Hakomi Institute of California
Expressive Arts Therapy
Expressive Arts Therapy seeks to allow a client access to unconscious emotional experience through the use of visual arts (e.g., painting, drawing, collage), writing, movement, drama or music. Many therapists at NPCC use Expressive Arts Therapies as an adjunct to other therapy work. Other practitioners at NPCC use the Expressive Arts as a core part of the way they work with clients. The expressive arts become a means to explore and transform emotional and psychological issues, identify hopes, goals and strengths.
DBT (Dialectical Behavior Therapy) is a treatment for severe emotional dysregulation, for example, dual diagnoses, PTSD, eating disorders and severe mood disorders (Bi-polar disorders, major depression and anxiety). Clients with these disorders often experience great suffering as they try to manage the emotional and relational crises of their lives. DBT teaches essential behavioral coping skills which help to reduce that suffering. While DBT is most often associated with the treatment of Borderline Personality Disorder, DBT skills and concepts can also be very useful to in the treatment of “ordinary” life problems. DBT emphasizes acceptance and change (a “dialectic”). In other words, your DBT therapist respects that your feelings and actions are understandable and valid while coaching you to change unhealthy or dysfunctional behavior. DBT asks both patient and therapist to find a balance between accepting reality as it is, and maintaining a strong commitment to change. DBT uses a combination of individual therapy and a “DBT Skills Training” group. Many of the therapists at NPCC do “DBT informed” psychotherapy, supporting your work in a skills training group, validating your experience, and helping you to change behavior that creates suffering in your life. See our Group Therapy page for more information.

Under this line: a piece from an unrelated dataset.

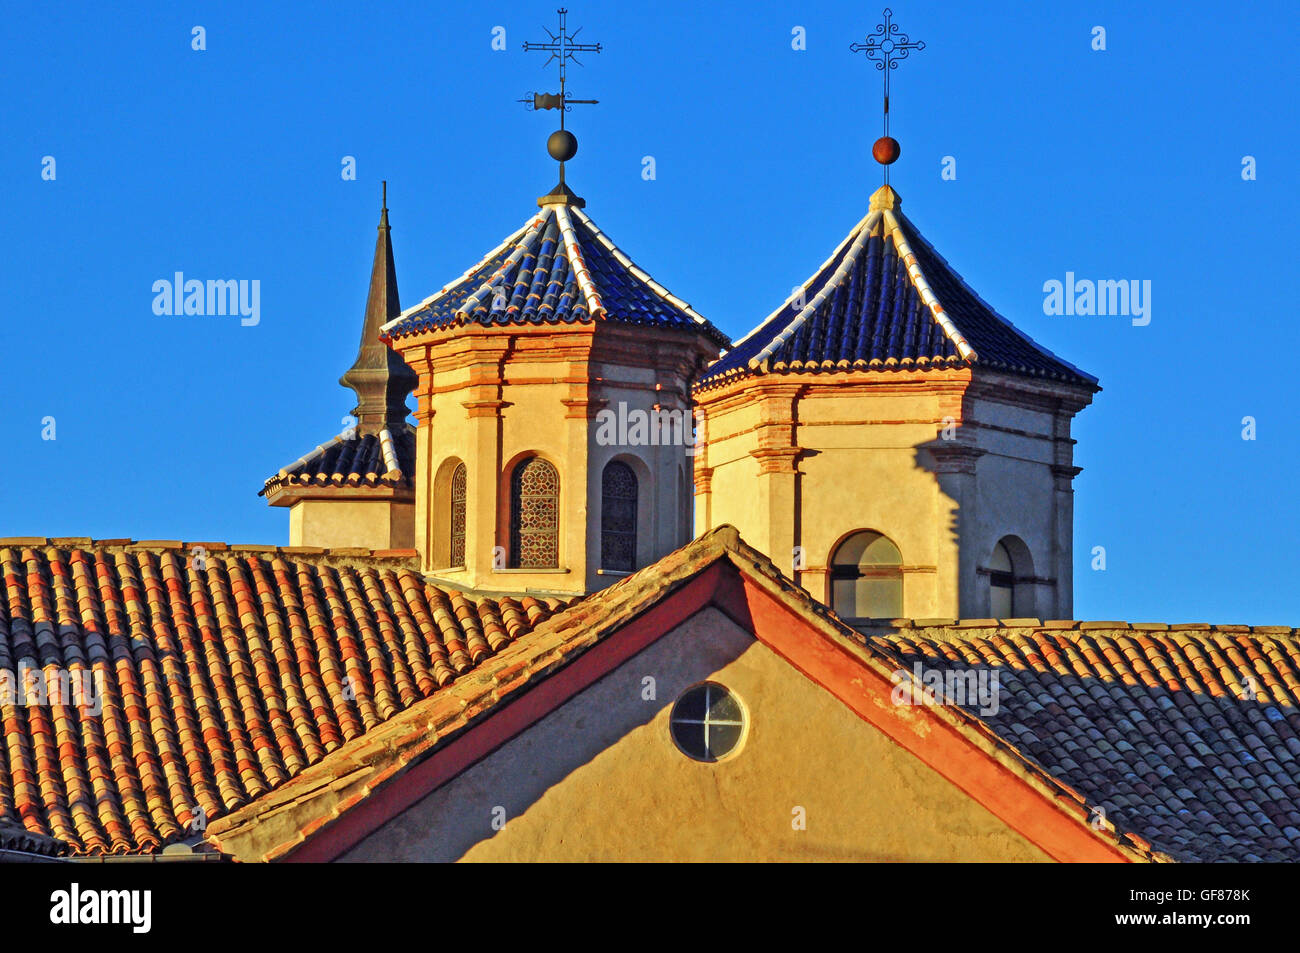 Torres en estilo arquitectónico mudéjar, Cuenca, España Foto de stock

EMDR (Eye movement desensitization and reprocessing) is a psychotherapy treatment most often used to resolve the effects of memories of traumatic events. “Bilateral sensory stimulation,” produced through eye movements or alternating taps or tones, is used to process distressing memories, in order to reduce their influence and to help you to develop better coping mechanisms. EMDR can often quickly reduce the effects of recent trauma and can also be integrated with other psychotherapies to treat PTSD and to resolve anxiety. EMDR is a process of “neural integration.”

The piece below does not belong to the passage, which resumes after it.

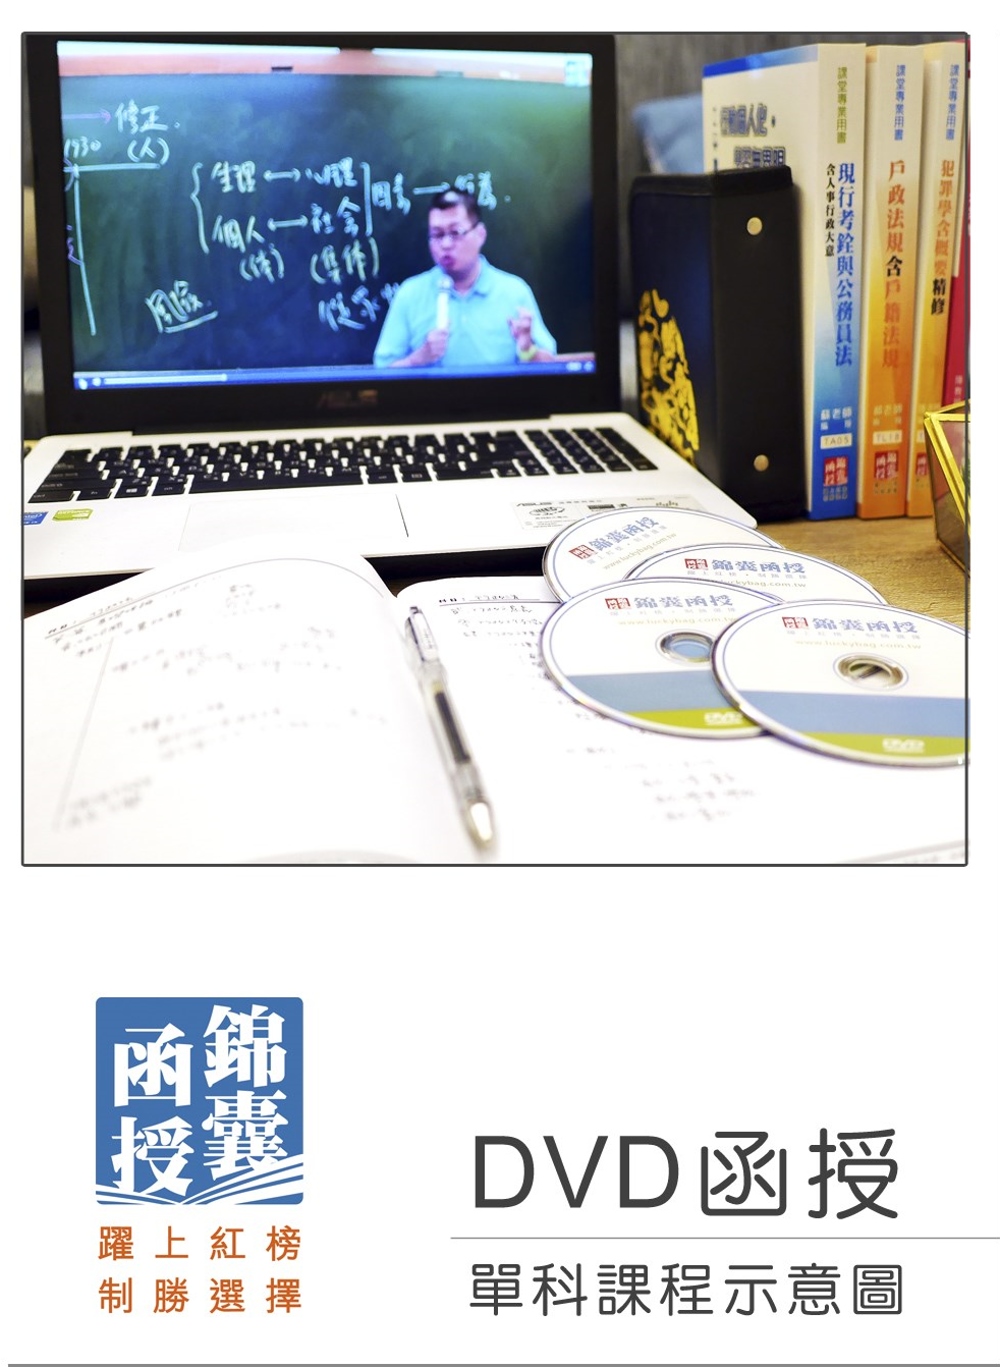 【DVD函授】各國人事制度(正規班&進階班)：單科課程(10...

Many of the therapists at NPCC are interested in studying what is referred to as the “transpersonal.” Transpersonal psychology recognizes and integrates spiritual states of consciousness into psychotherapy. Spiritual states of consciousness can include spiritual self-development, “peak experiences,” mystical experiences and other unusually experiences of living. Carl Jung, for example, explored aspects of the spiritual and transpersonal in his work. Your NPCC therapist will respect these sorts of experiences as part of your life and encourage your exploration of the transpersonal if you need or desire that exploration to be included in your psychotherapy.